WORK TO COMPLETE:
Line by line, repeat the material below exactly and skip the images.

### SUPPLIED INFORMATION ###

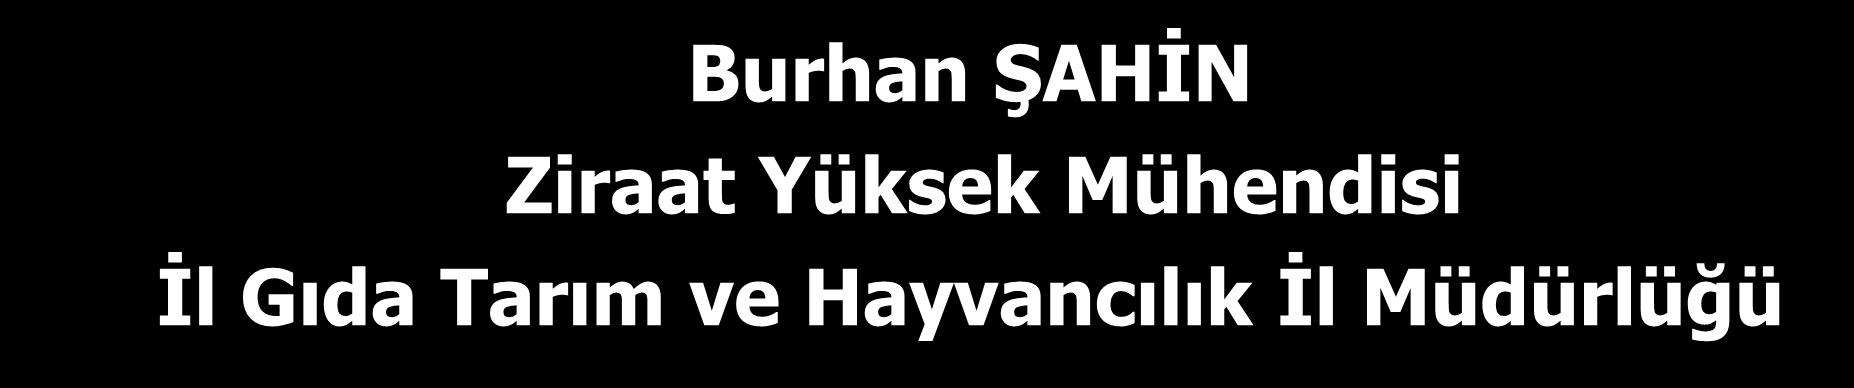 ETKİLERİ Burhan ŞAHİN Ziraat Yüksek Mühendisi
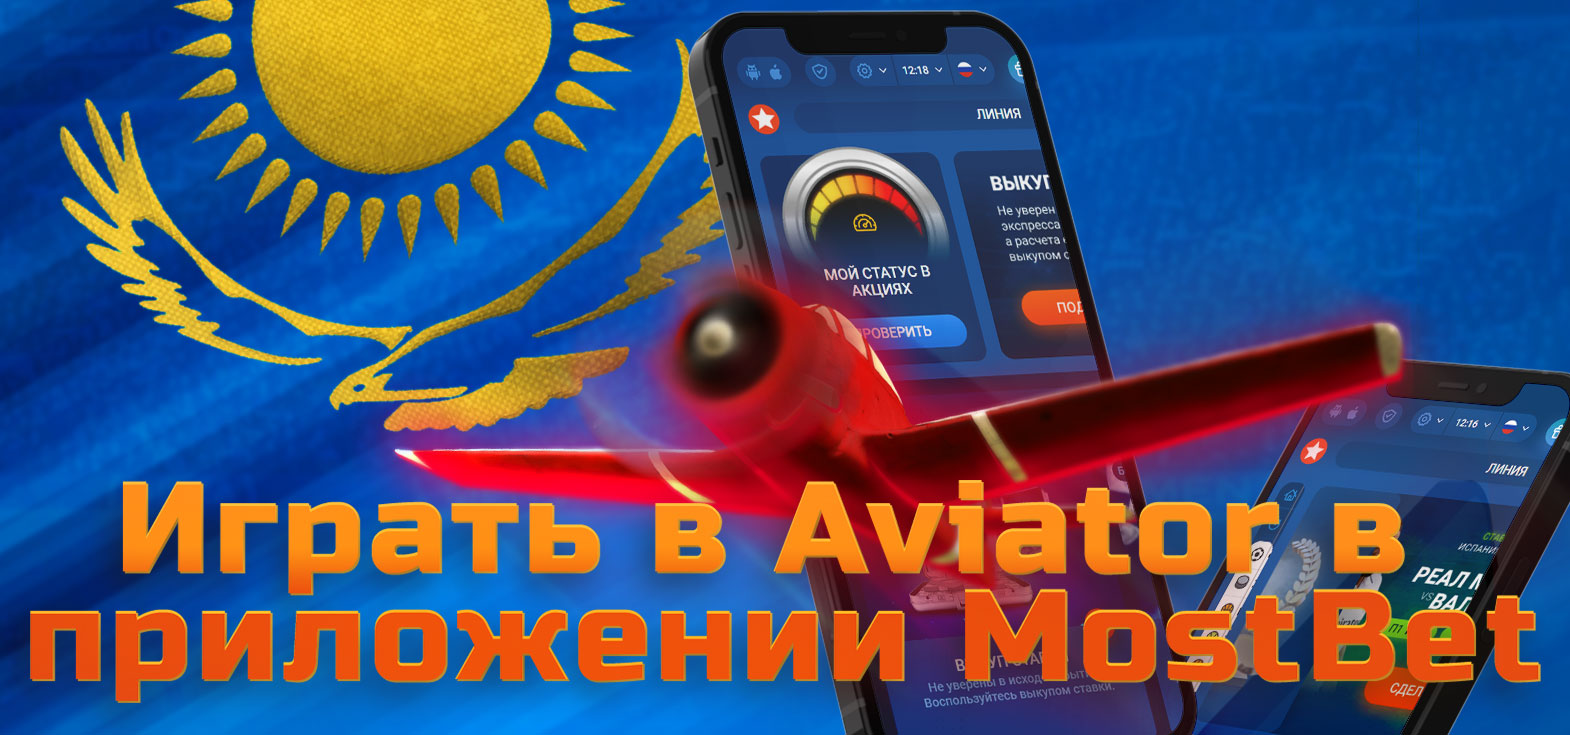 Вся необходимая информация об игре в Aviator с помощью мобильного приложения Mostbet.
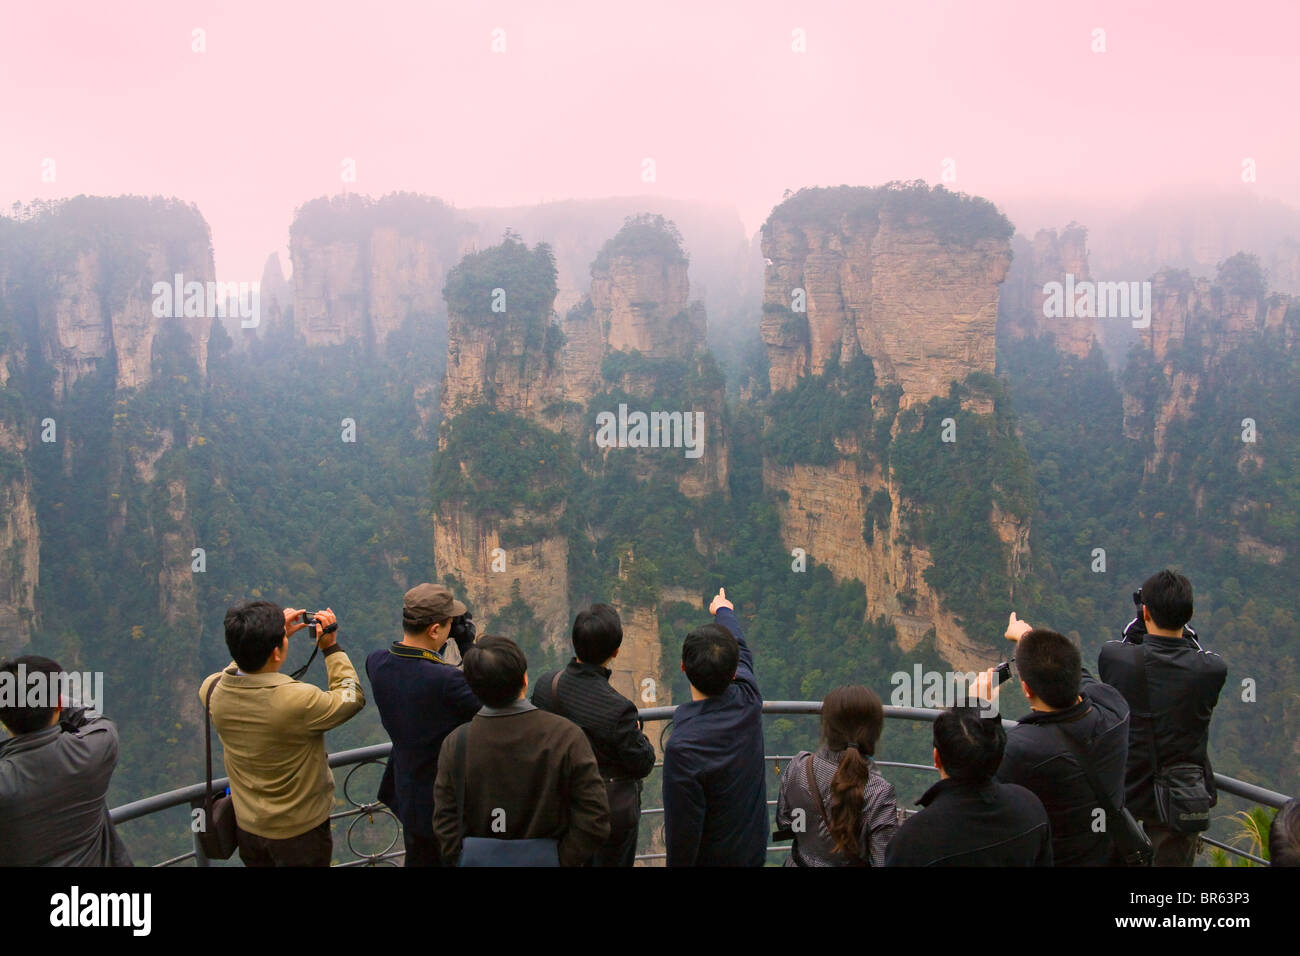 Les touristes regardant des pics de montagne, parc forestier national de Zhangjiajie, Wulingyuan Scenic Area, Province du Hunan, Chine Banque D'Images
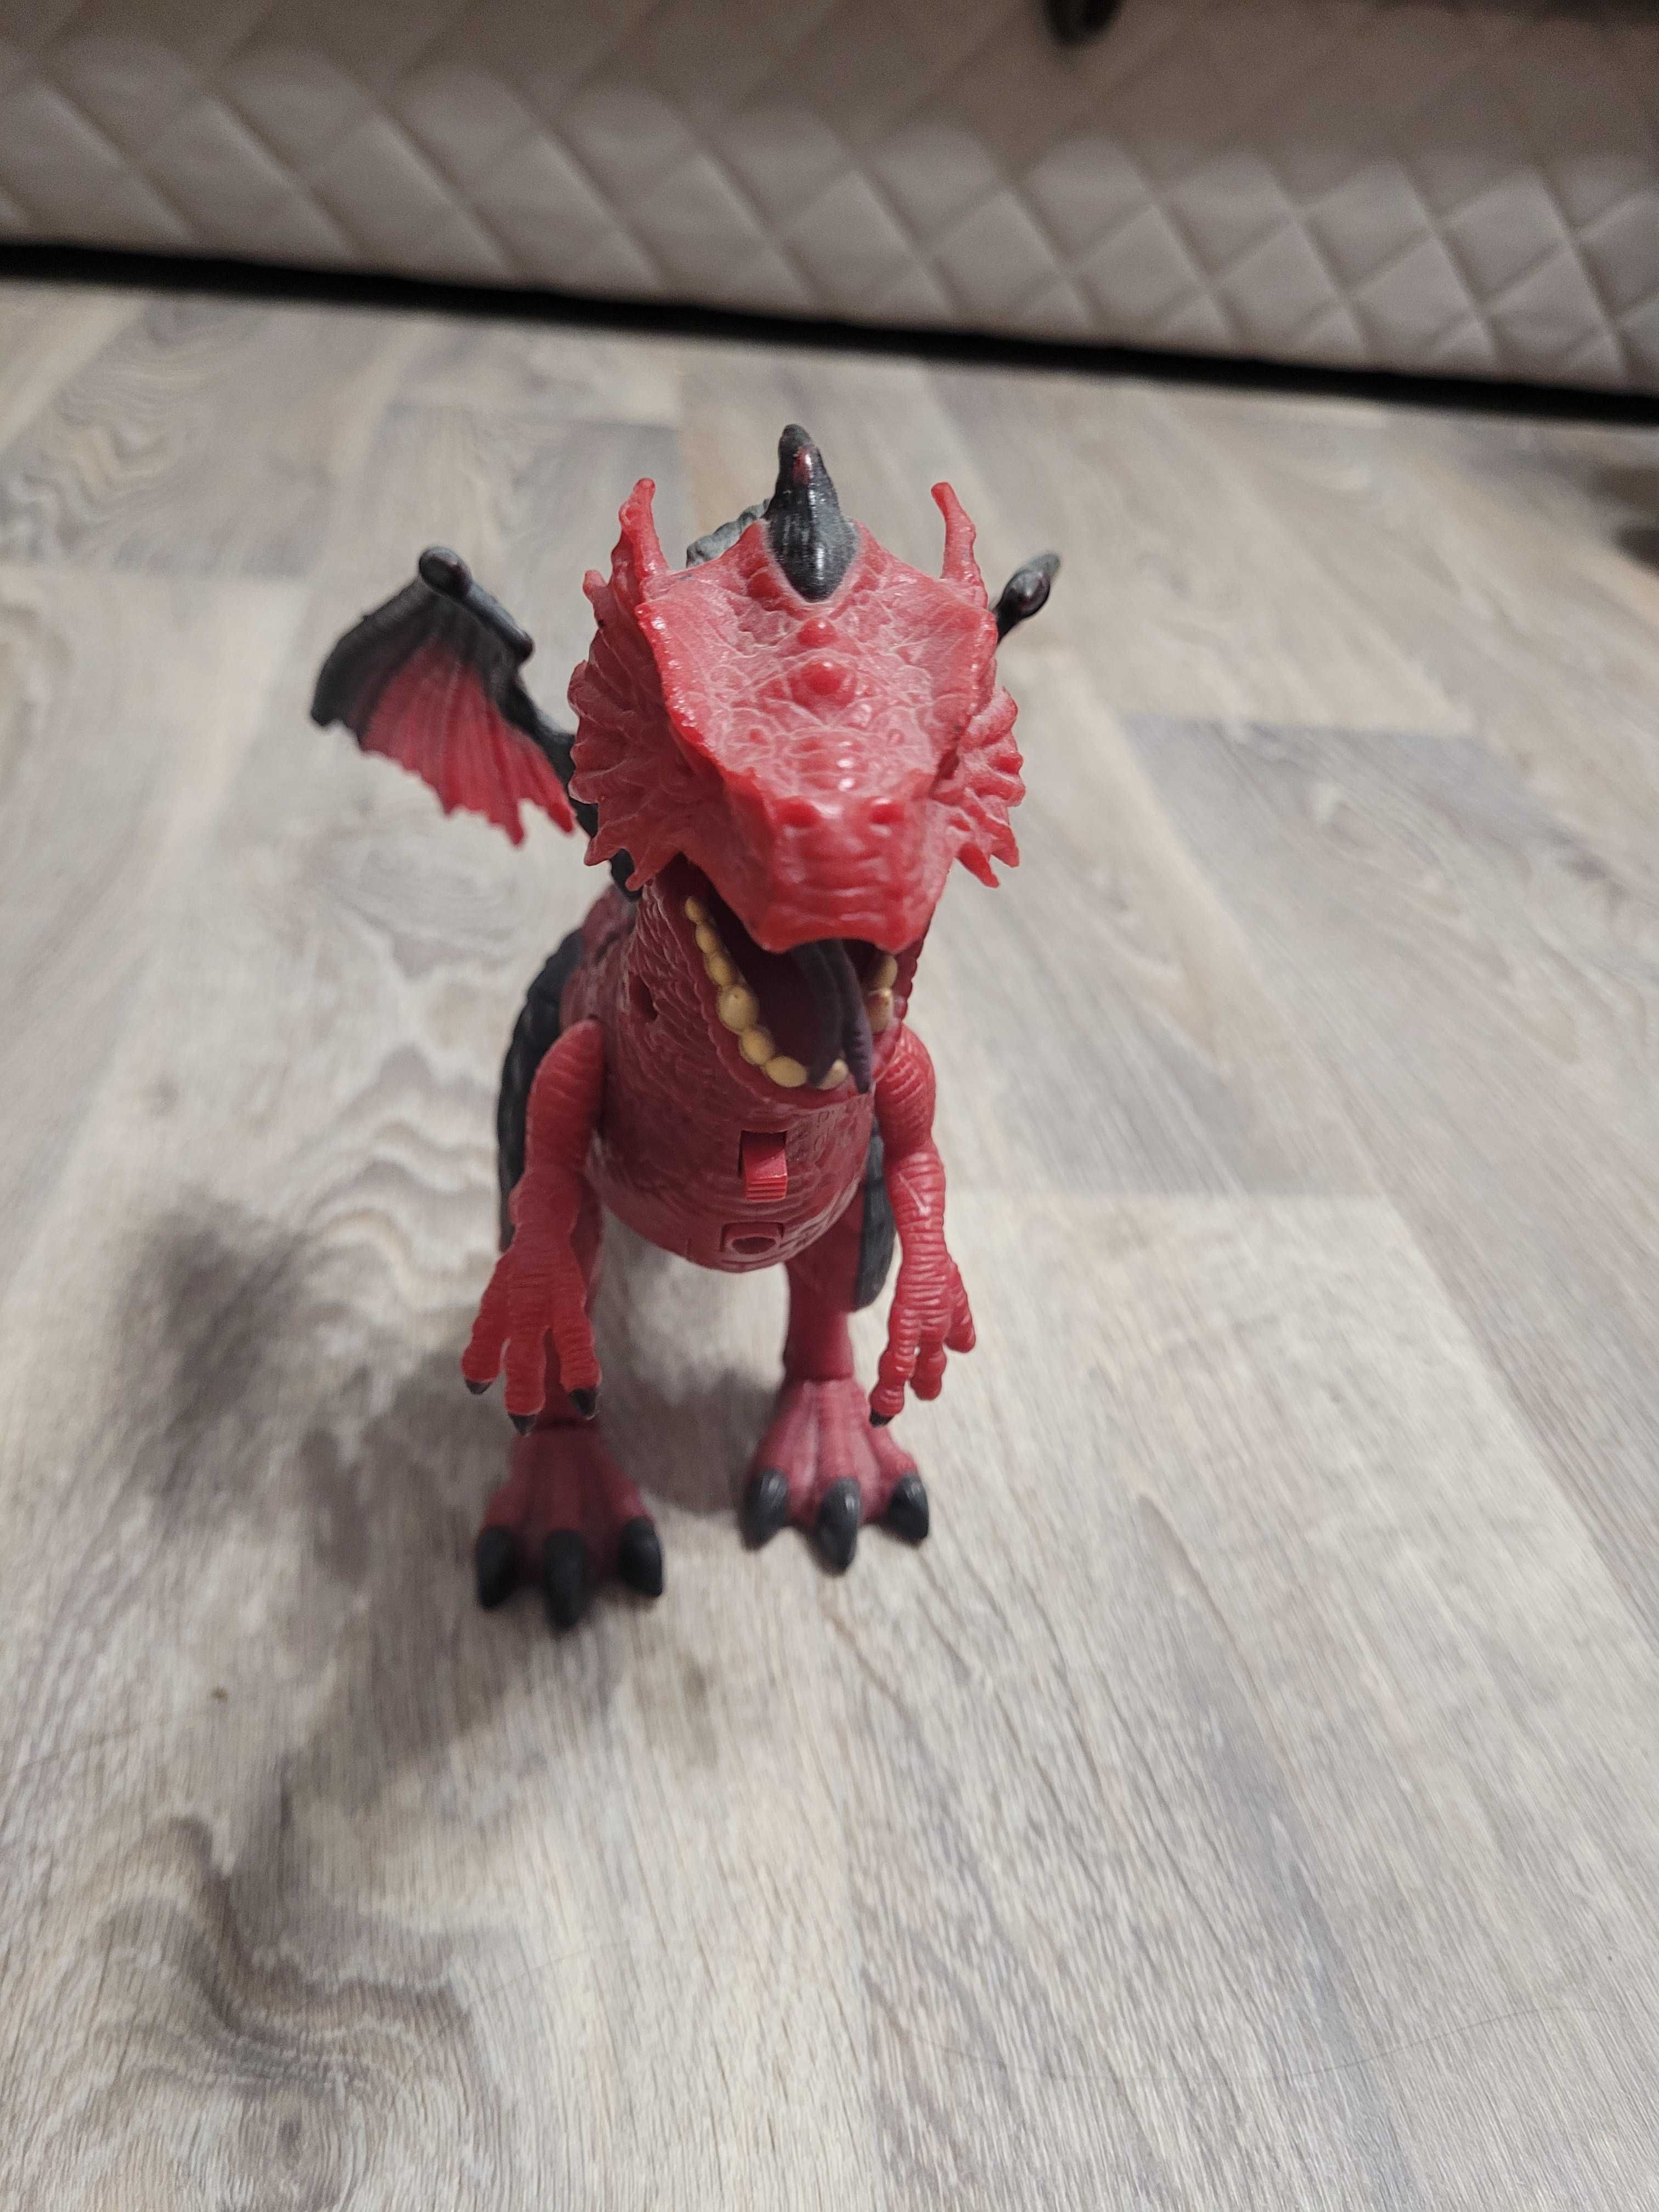 Детская игрушка Дракон (Динозавр) на батарейках

###

RESPONSE AREA:
 ETKİLERİ Burhan ŞAHİN Ziraat Yüksek Mühendisi
 Вся необходимая информация об игре в Aviator с помощью мобильного приложения Mostbet.
 Les touristes regardant des pics de montagne, parc forestier national de Zhangjiajie, Wulingyuan Scenic Area, Province du Hunan, Chine Banque D'Images
 Детская игрушка Дракон (Динозавр) на батарейках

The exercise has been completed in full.